– Вовик, Вовик! – пугается его бабушка, еще весьма сохранившаяся дама в темных очках и коротковатой юбке. – Слезь сейчас же!

– Я тоже хочу смотреть! – надувает губы Вовик.

– Не выдумывай. Ты же свалишься.

– He!

– Присыплю землей, дак… – остерегает голос снизу. – Не то лопатой задену.

– Вот видишь! Я же говорю, не подходи близко!

– А зачем он копает? – допытывается малец.

– Ты же слышал, дядя ищет исторические находки.

– А какие они, эти находки?

– Всякие…

– Ну, бабушка! – упрямо канючит малец. – Какие всякие?

– Перестань, пожалуйста! И не пачкай руки.

Человек в яме выпрямляется, сдвигает картуз на затылок, открывая дробное безбровое лицо с детским вздернутым носом. Из-под замусоленного околыша мичманки, подпираемой как-то врастопырку торчащими ушами, выкатываются обильные горошины пота, путаются в давно не бритой стерне, местами сивой, сквозящей темными заветренными скулами.

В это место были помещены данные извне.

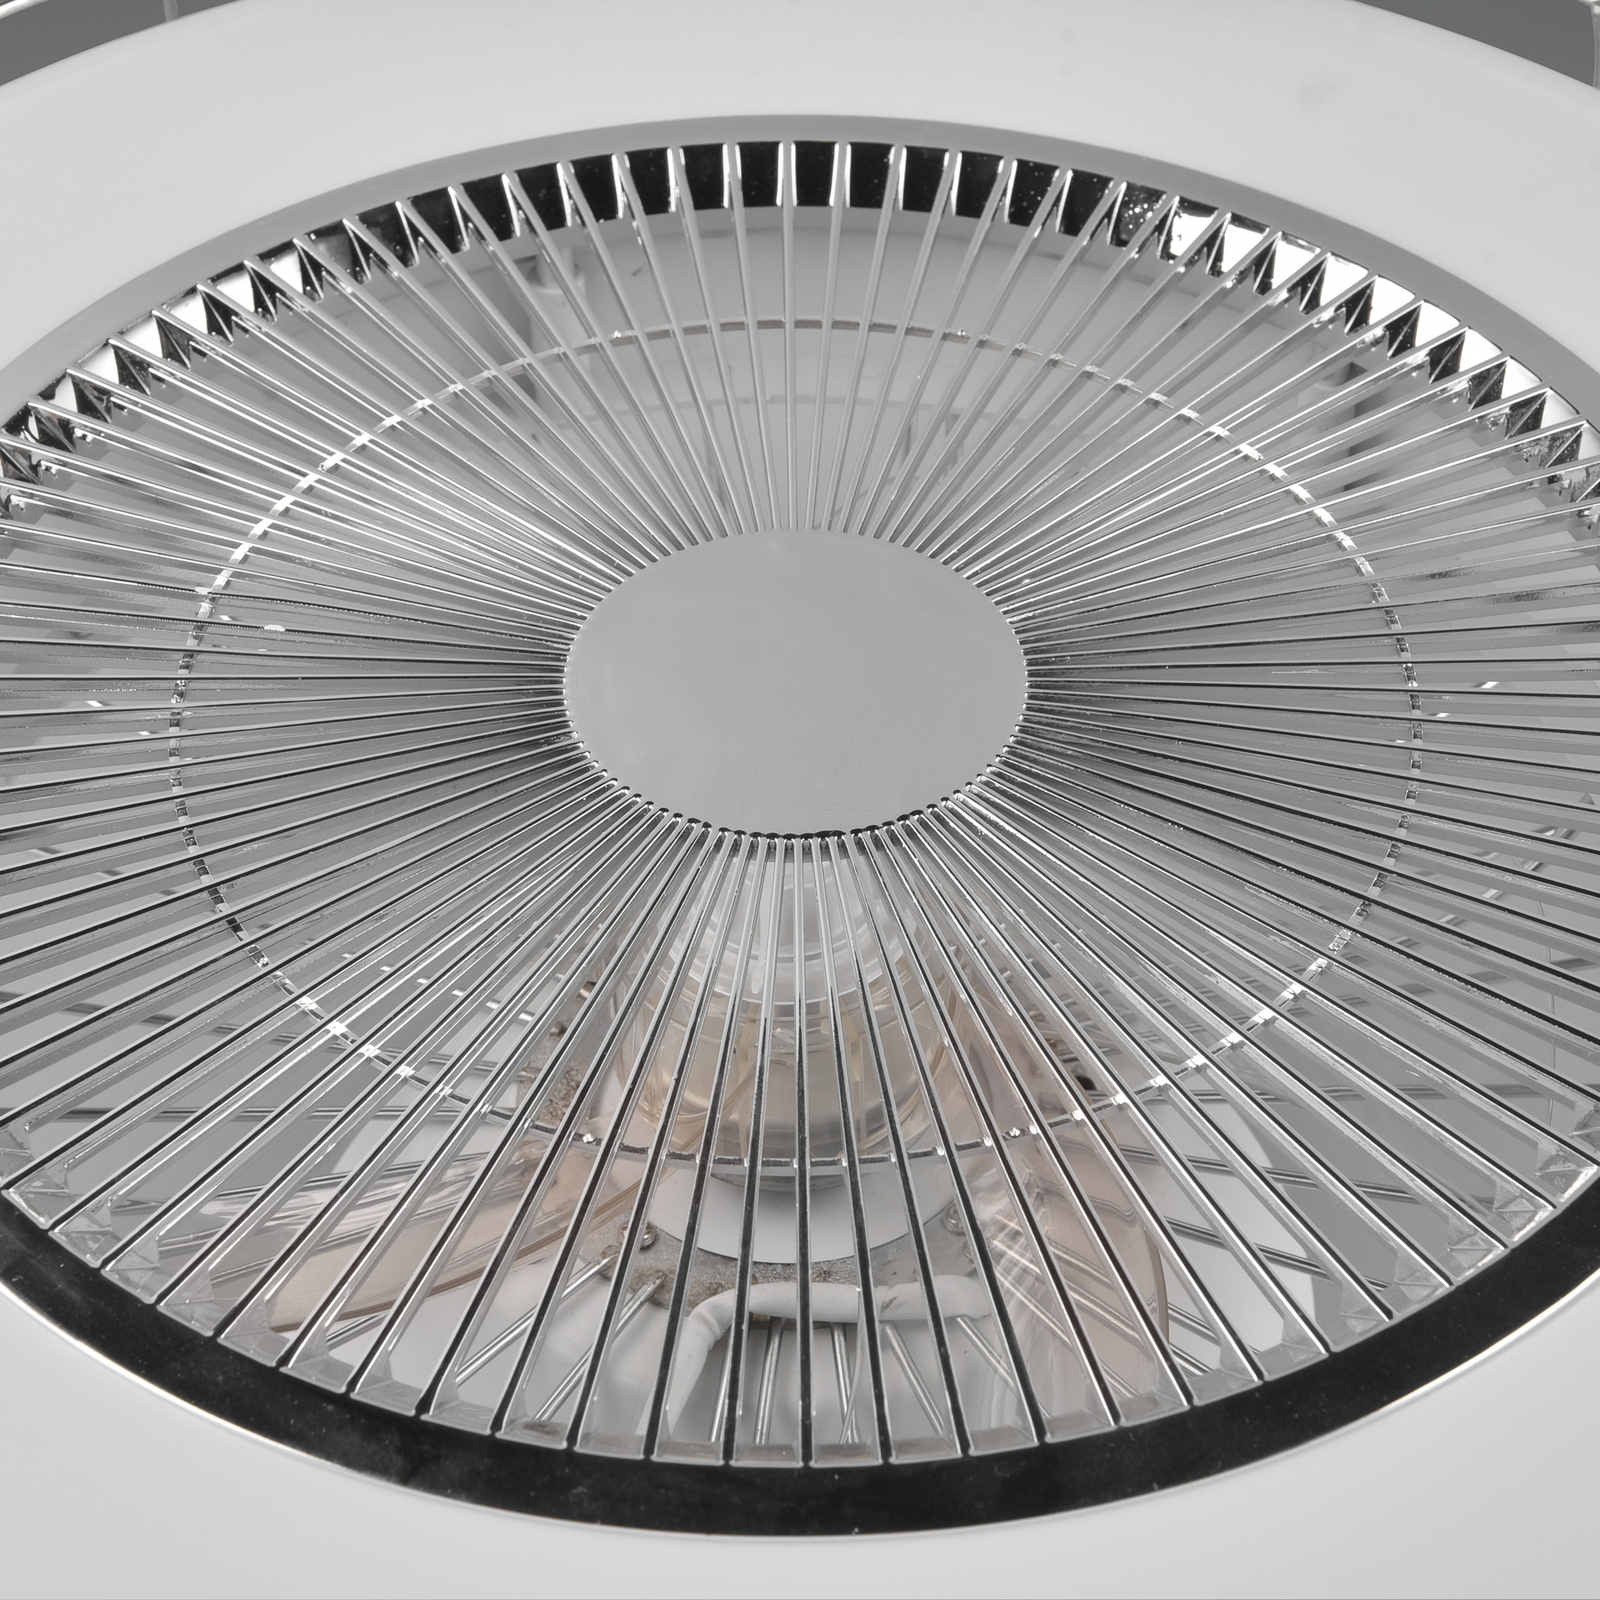 Smart LED ceiling fan Sandfjord, quiet, chrome, Ø 50 cm

– С какого теплохода? – интересуется он и живо перебирает глазами обступившую публику.

– С «Ивана Сусанина».

– Ага! – кивает он, и лицо его, похожее на лицо внезапно состарившегося ребенка, осеняется участливой радостью. – А я слушаю – по гудку вроде бы он, «Иван Сусанин». А он и взаправде… Закурить имеется?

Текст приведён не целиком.